The sight of the great pyramids of Giza looming suddenly above the urban chaos of the Haram district is one of the most astonishing vistas the world has to offer. These days, however, exclamations of delight have to be quickly followed by a warning to lock the door and close the windows, to keep touts from trying to climb into the car.

The desperation that causes such aggressive tactics is understandable. Nowadays, Egypt is in the headlines more for sporadic bombings, rowdy demonstrations and security crackdowns than for its wealth of tourist attractions. Unsurprisingly, tourist arrivals have tumbled, from a peak of around 14 million in 2010, to just 9.5 million last year, most of whom did not venture beyond the controlled environment of the Red Sea resorts.

Tourism minister Hisham Zaazou recently told reporters that 2013 was the worst year for the industry in modern history. For the roughly 10 percent of Egyptians whose jobs depend directly or indirectly on tourism, the decline has been devastating.
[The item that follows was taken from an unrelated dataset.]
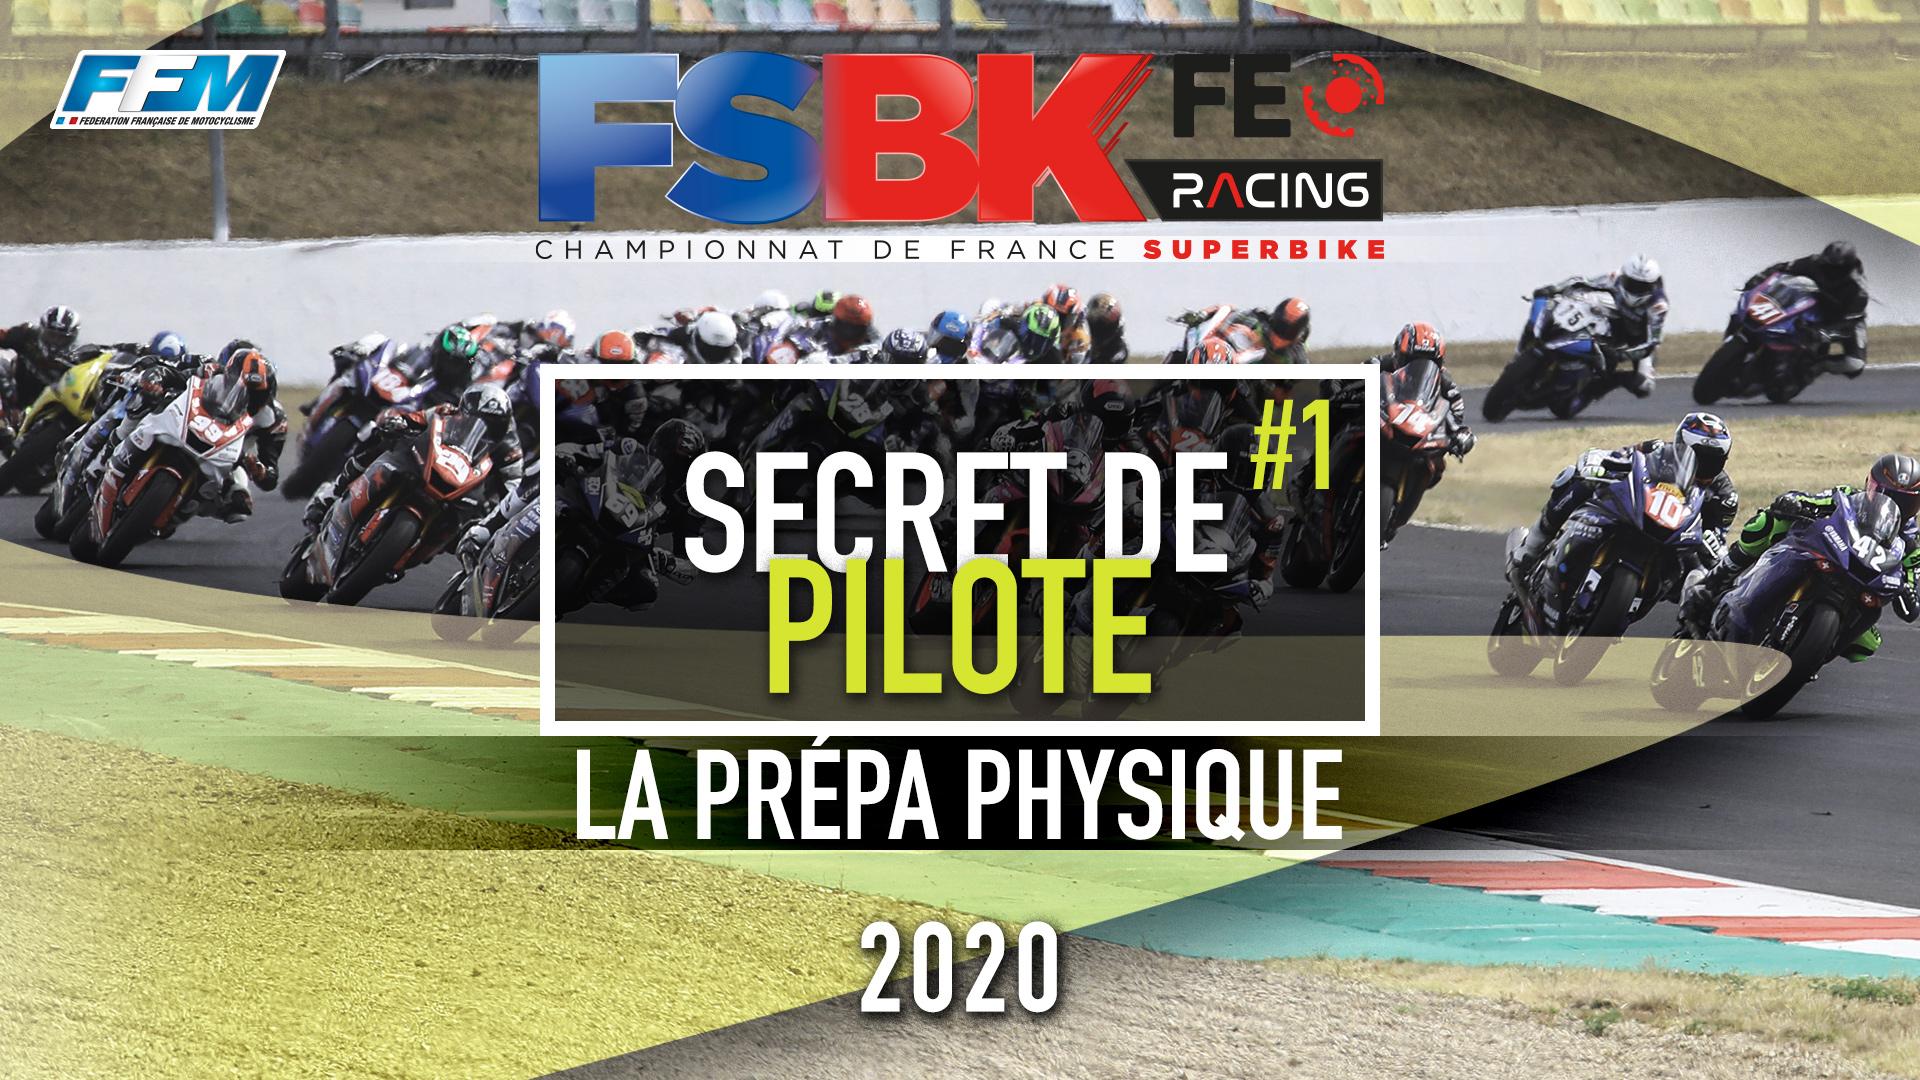 // SECRET DE PILOTE – LA PREPA PHYSIQUE //
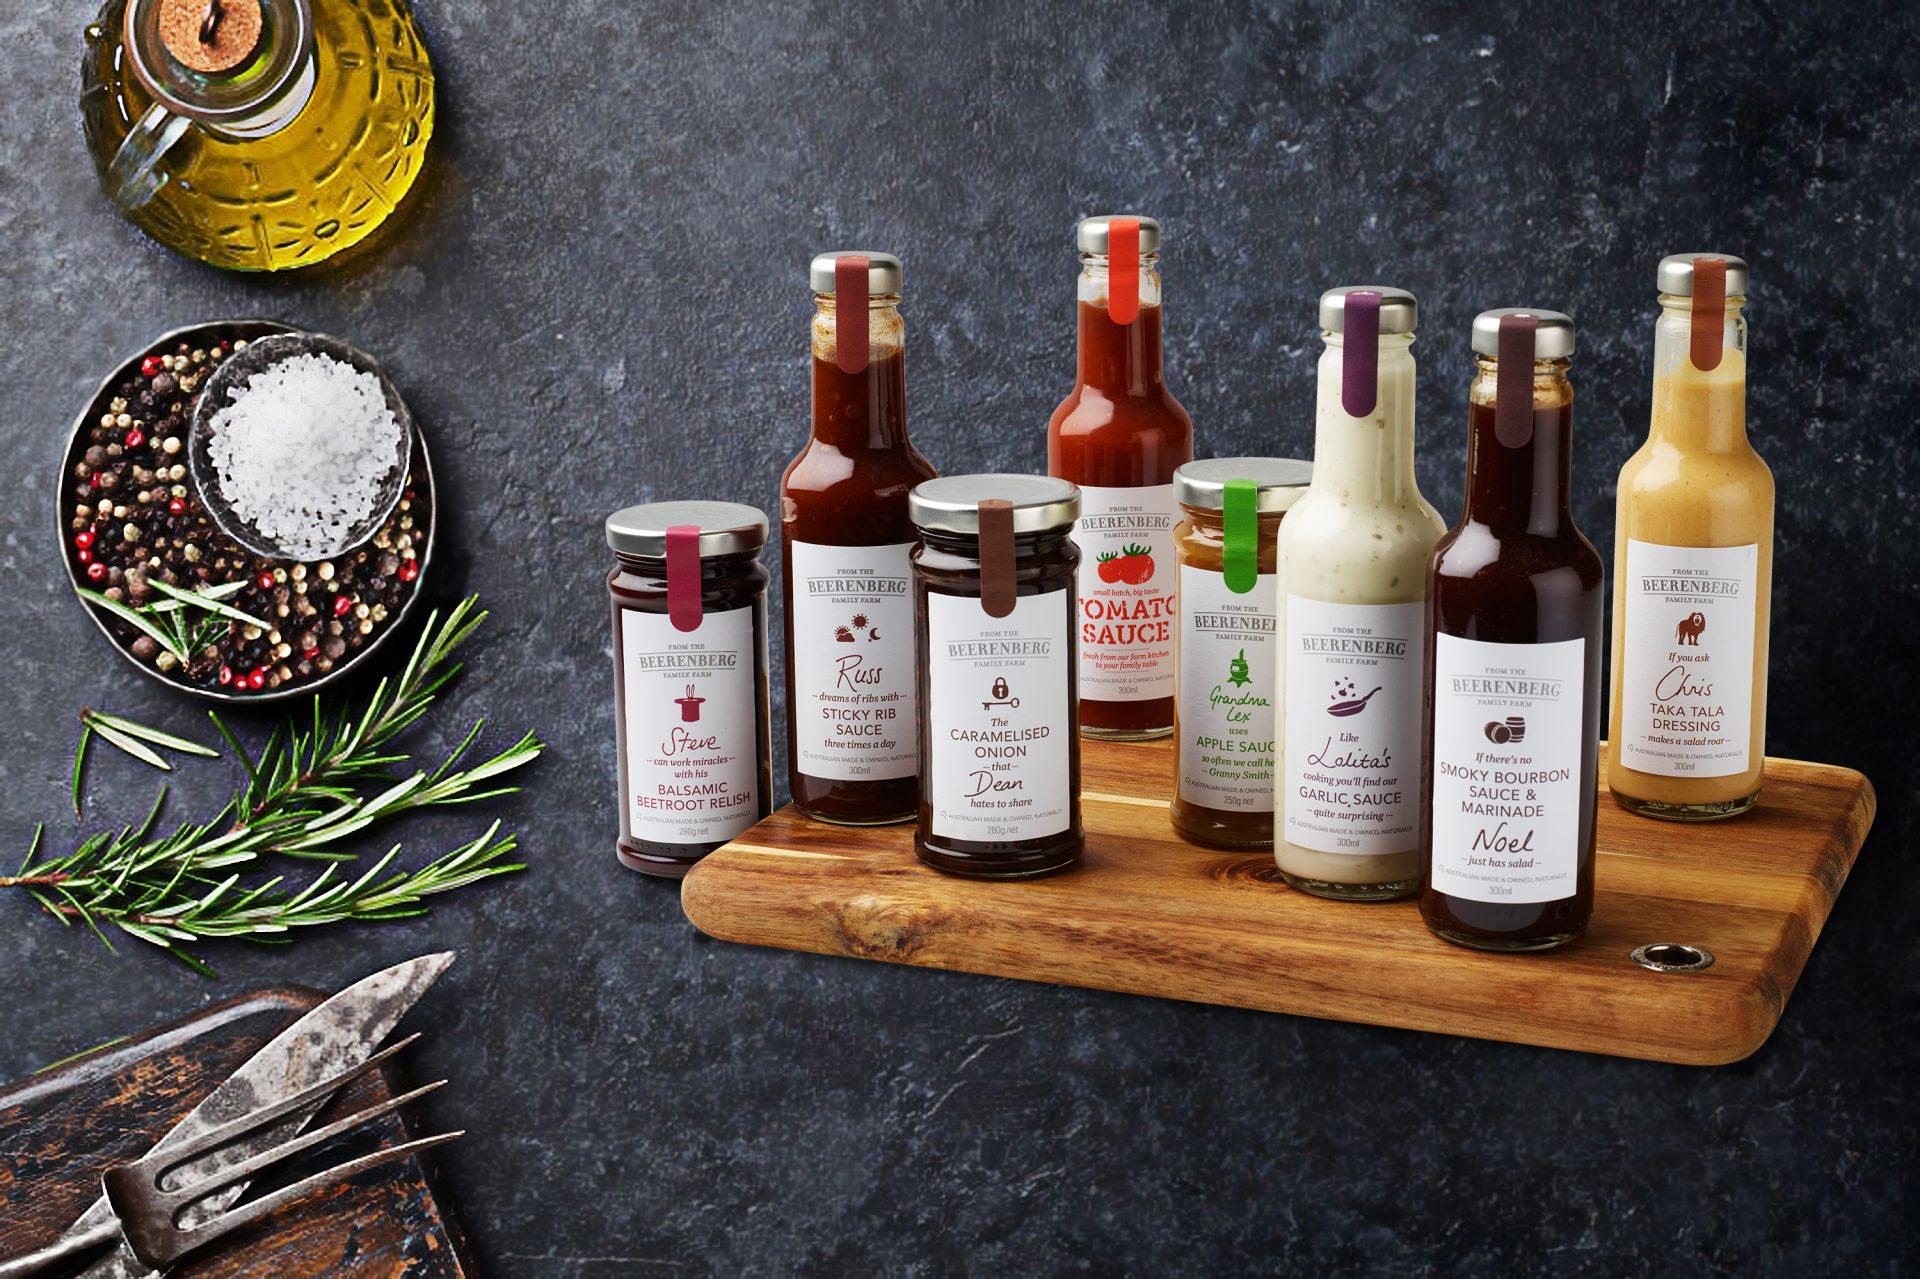 Beerenberg Sauces

Given everything that’s going on, who would possibly come to visit Egypt, of all possible places in the world, at all possible times?

My parents, it turns out.

During their weeklong stay earlier this month, I had a rather special opportunity to observe and discuss the experience of two Americans on their first visit to Egypt during this unsettled and unsettling time.

Granted, my parents have personal reasons for a trip to Egypt that most tourists lack: me, and my in-laws, most of whom they had not previously met in person. But they also have some of the same reasons most visitors have: an interest in Egypt’s art and antiquities as well as the desire to see new things and enjoy some warm weather.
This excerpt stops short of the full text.